JAX avoids implicit conversion of Python sequences, because it can hide severe performance issues. When something like x = [i for i in range(10000)]
is passed to the XLA compiler, it is passed as a list of 10000 XLA scalars. We found this to be a common mistake people made, and decided to disallow it. This is discussed at Non-Array Inputs: Numpy vs. JAX.
On the other hand, np.arange(10000)
is a single XLA array, and doesn't have this problem. On CPU, the transfer can even be done in most cases in a zero-copy fashion, although on accelerators there will be a device transfer cost.
Also, in addition to bug with masked arrays above, here is another bug:
>>> jnp.sin(np.float64(1.5)) # silent precision loss here, downcasting to float32 Array(0.997495, dtype=float32) >>> jax.__version__ '0.4.1'
This is working as intended: JAX only allows 64-bit values when explicitly enabled; see Double (64-bit) Precision. This was an early design decision that the team recognizes as non-ideal, but it has proven difficult to change because so many users depend on the bit truncation behavior and enjoy the accelerator-friendly type safety it confers.
Specifically for JAX you have a shortcut, because it reuses NumPy dtypes directly:
>>> type(jnp.float32) <class 'jax._src.numpy.lax_numpy._ScalarMeta'> >>> type(jnp.float32.dtype) <class 'numpy.dtype[float32]'>
The reason JAX defines this is that it made the early design choice to not distinguish between scalars and zero-dimensional arrays. np.float32
, despite its common use (probably stemming from NumPy's anything-goes approach to dtype equality/identity that is the original reason for this issue) is not a dtype, but rather it is a scalar float32 type. When JAX added the jax.numpy
convenience wrapper around its core functionality, it needed dtype-specific scalar constructors similar to NumPy's np.float32
, np.int32
, etc. that would output appropriate zero-dimensional arrays. It does not make sense for jnp.float32
to be its own type, because unlike numpy there are no dedicated scalar types in JAX.
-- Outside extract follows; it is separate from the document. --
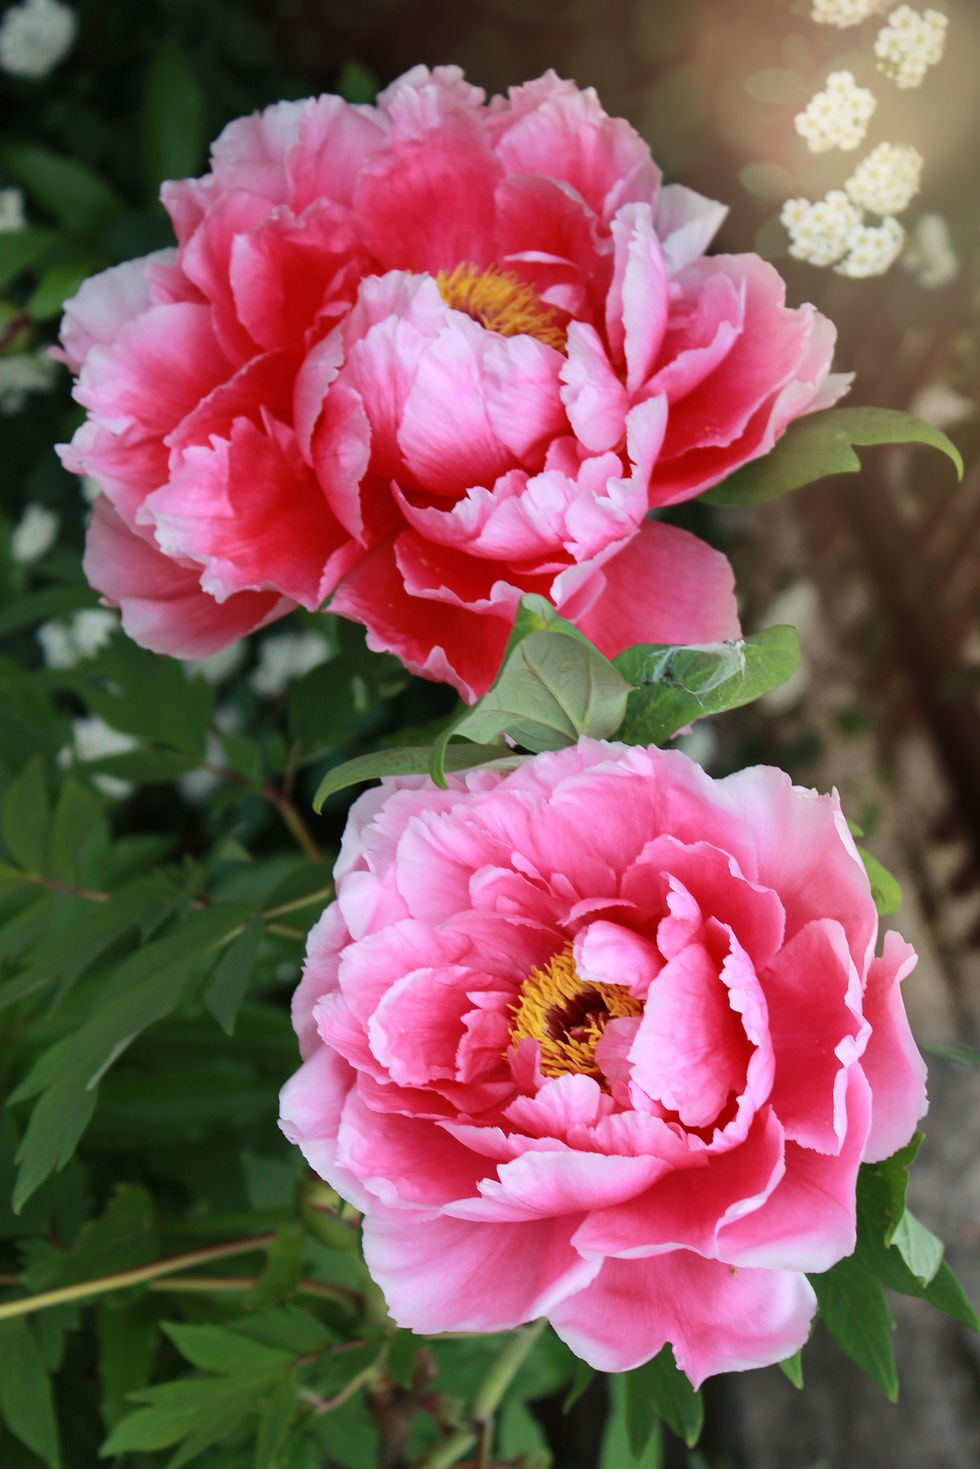 Light Pink Flowers Aesthetic

We could have defined simple functions named float32
, int32
, etc. but because np.float32
is so commonly used as a stand-in for np.dtype('float32')
, we needed the scalar constructor functions to be something that np.dtype
would treat as a dtype, and so the _ScalarMeta
classes were born.
>>> jnp.sin(np.ma.array([1, 2, 3], mask=[True, False, True])) # bug in user code here, because JAX silently discards mask Array([0.84147096, 0.9092974 , 0.14112 ], dtype=float32)
To my knowledge, this bug has never come up (probably because masked arrays are so rarely used in practice). I'll raise it in the JAX repo.
Thanks for the context @jakevdp!
This is working as intended: JAX only allows 64-bit values when explicitly enabled; see Double (64-bit) Precision. This was an early design decision that has proven difficult to change
I knew that 64-bit precision must be explicitly enabled, but this is still surely a bug? The expected behavior is an exception, saying asking the user to explicitly downcast if the precision loss is fine, or to enable 64-bit precision. Or at the very least emit a warning. Silent downcasting is terrible - it may be okay for deep learning, but it typically isn't for general purposes numerical/scientific computing.
On the other hand, np.arange(10000) is a single XLA array, and doesn't have this problem. On CPU, the transfer can even be done in most cases in a zero-copy fashion, although on accelerators there will be a device transfer cost.
That might be unfortunate when one goes from converting a CPU program to a GPU one? It might be nice to be able to enable a flag that makes this into a runtime error. That way I can remove all of my unintentional jax/numpy array mixing.
Silent downcasting is terrible - it may be okay for deep learning, but it typically isn't for general purposes numerical/scientific computing.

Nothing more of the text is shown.